Mr. Schuler conceded that simple stored-value telephone chip cards like those popular in France can be compromised, but the more sophisticated microprocessors used in banking and payment applications would significantly raise the level of protection.

Two of the better-known developers of chip cards that act as stores of value in place of cash -- National Westminster Bank's Mondex program in Britain and Electronic Payment Services Inc.'s Smart Card Enterprise in Wilmington, Del. -- say they are paying close attention to security.

This may cause less of a liability to Smart Card Enterprise. Its system, scheduled for a market test in Delaware next summer, will be geared toward low-value payments, with no more than $20 to be stored on a typical card.

Mondex, to be tested in Swindon, England, at around the same time, will have a much higher currency limit.

Also, the system is so closely modeled on cash that payments can be made between individuals and will not leave the audit trails typical of credit cards.

Mondex's security and auditability have been criticized by the likes of Visa International, which is working with Smart Card Enterprise and other organizations from around the world on chip standards for stored-value cards.

"Is the consumer likely to put $400 to $500 on a card?" said Michael Nash, a Visa senior vice president. "Why take the chance?

"The opportunity is not in the large-value transactions" where consumers will still prefer conventional credit or debit cards, Mr. Nash said.

"Mondex is based on the unrealistic and dangerous assumption that no one can break into a smart card chip, and I wouldn't want to build a worldwide payment system on that," David Chaum, a computer scientist and proponent of an alternative called DigiCash, told a recent meeting of the Financial Services Technology Consortium.

The consortium, a group of more than a dozen major banks exploring the implications of advanced technologies, has learned from Sandia National Laboratories in New Mexico that integrated cricuits can, indeed, be duplicated.

Such reverse engineering would require specialized equipment and materials that may not yet be accessible or affordable to most of the public, but would be dangerous in the wrong hands.

Mr.
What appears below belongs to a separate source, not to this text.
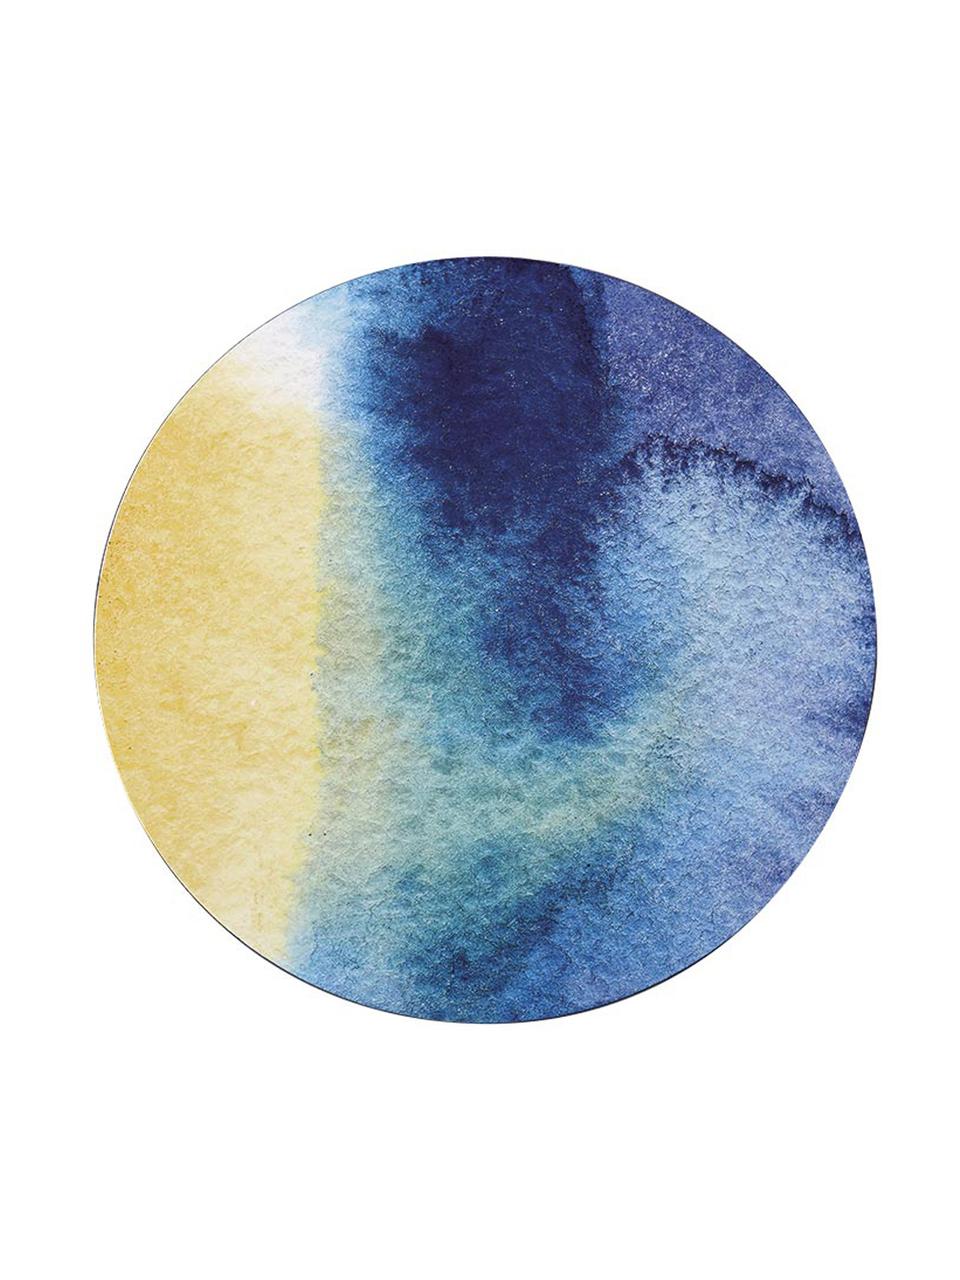 Okrągła podkładka z tworzywa sztucznego Inky, 4 szt., Niebieski, biały, żółty, turkusowy, Ø 29 cm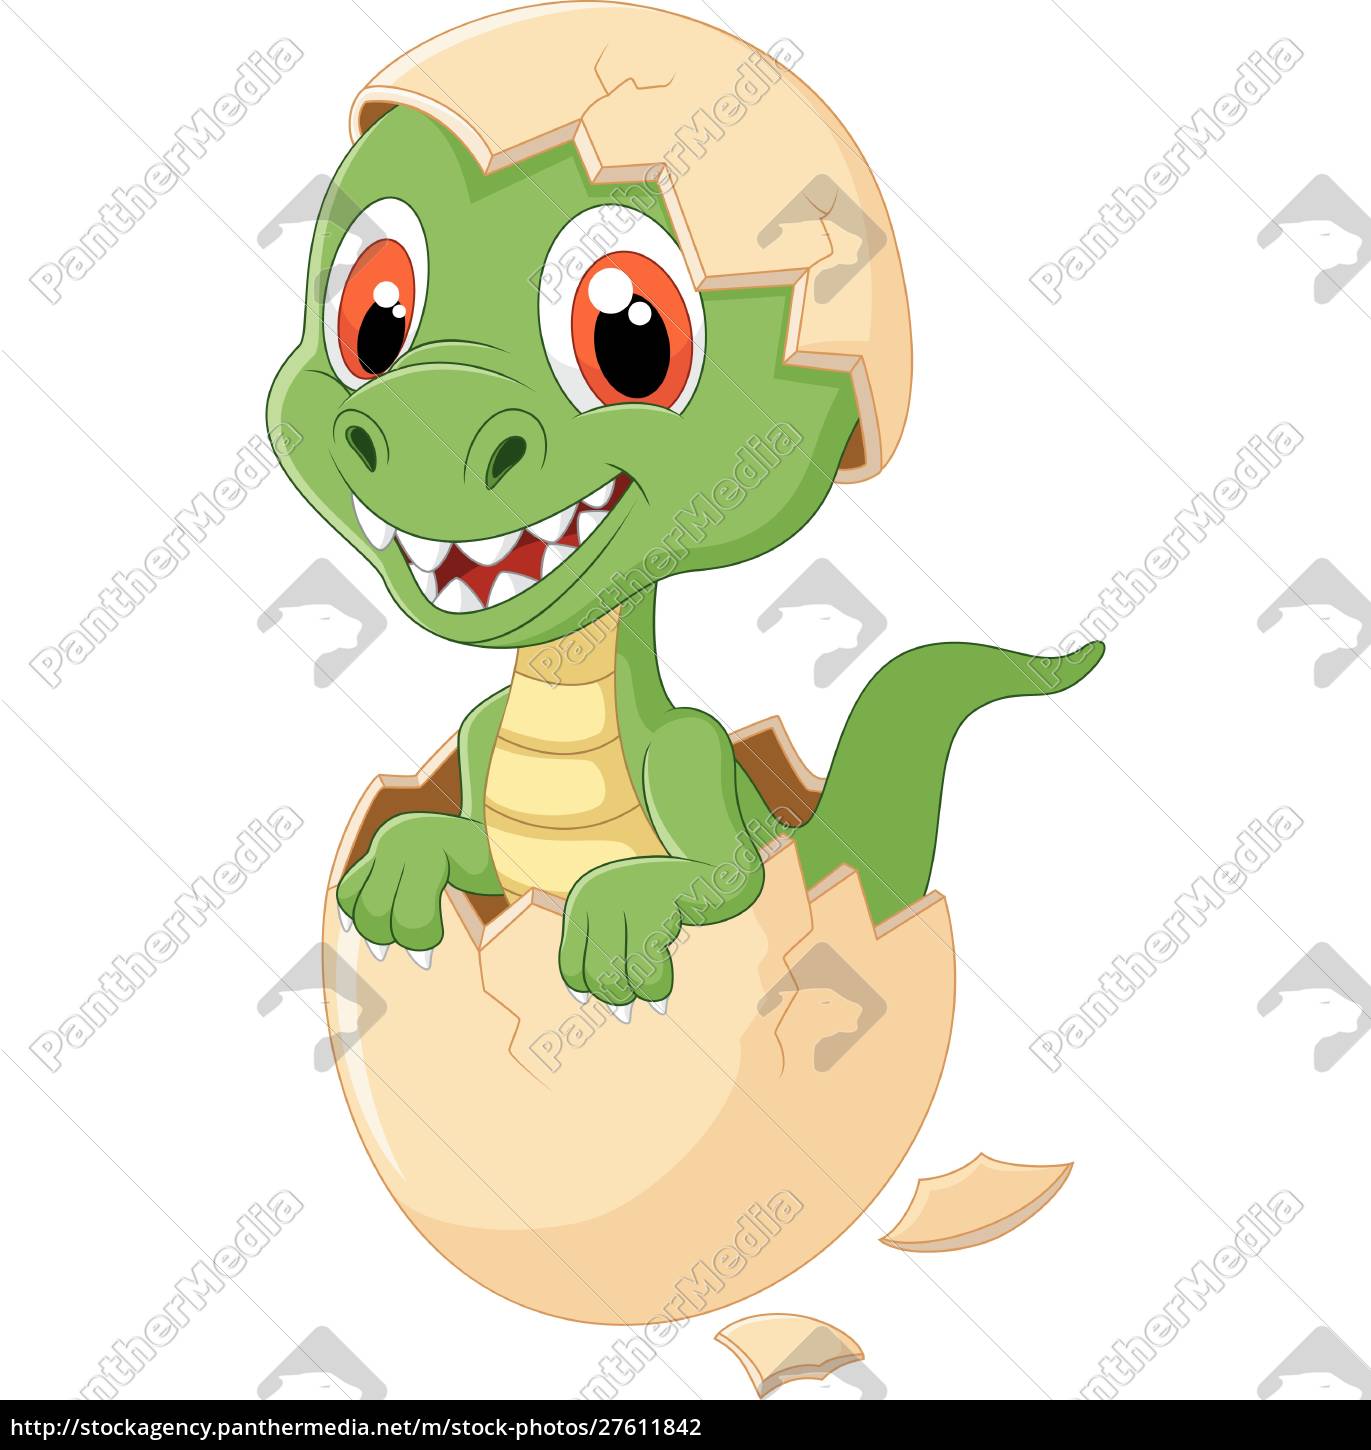 Dinossauro de desenho animado verde engraçado dino bebê fofo

Chaum, who is based in Amsterdam, wants to see layers of security and authentication beyond what the chip alone delivers.

He says his solution, which can facilitate payments over online computer networks like the Internet, strikes a middle ground between complete auditability -- which he sees as a threat to personal privacy -- and Mondex's lack of auditability.

Along the same line, Mr. White said Visa International's recently announced alliance with Microsoft Corp. to ensure security of accounts used in online "cyberpayments" attacks a much more urgent priority than reinforcing the integrated-circuit card.

For its part, Mondex has both sounded an alarm about security threats and insisted that it is countering them.

"Security is the No. 1 issue, and Mondex grew out of the search for security," Tim Jones, the unit's chief executive officer, said in early December at the Bank Administration Institute's retail delivery systems conference.

"We have to recognize that the level of attack will be extreme.

"We have to make the harshest assumptions" and build the system accordingly.

Mr. Jones has not divulged the extent of his defense mechanisms, but he said, "We have reverse-engineered silicon." In November, Hitachi, the initial maker of Mondex chips, said it would produce a special version of its H8/310 series to address security concerns.

"The Hitachi H8 has been around for a long time, and maybe it is not as secure as some of the newer products from Siemens or SGS-Thomson, but it's still pretty secure," Mr. Schuler said.

"I believe claims about hacking into or reverse-engineering smart cards are unfounded."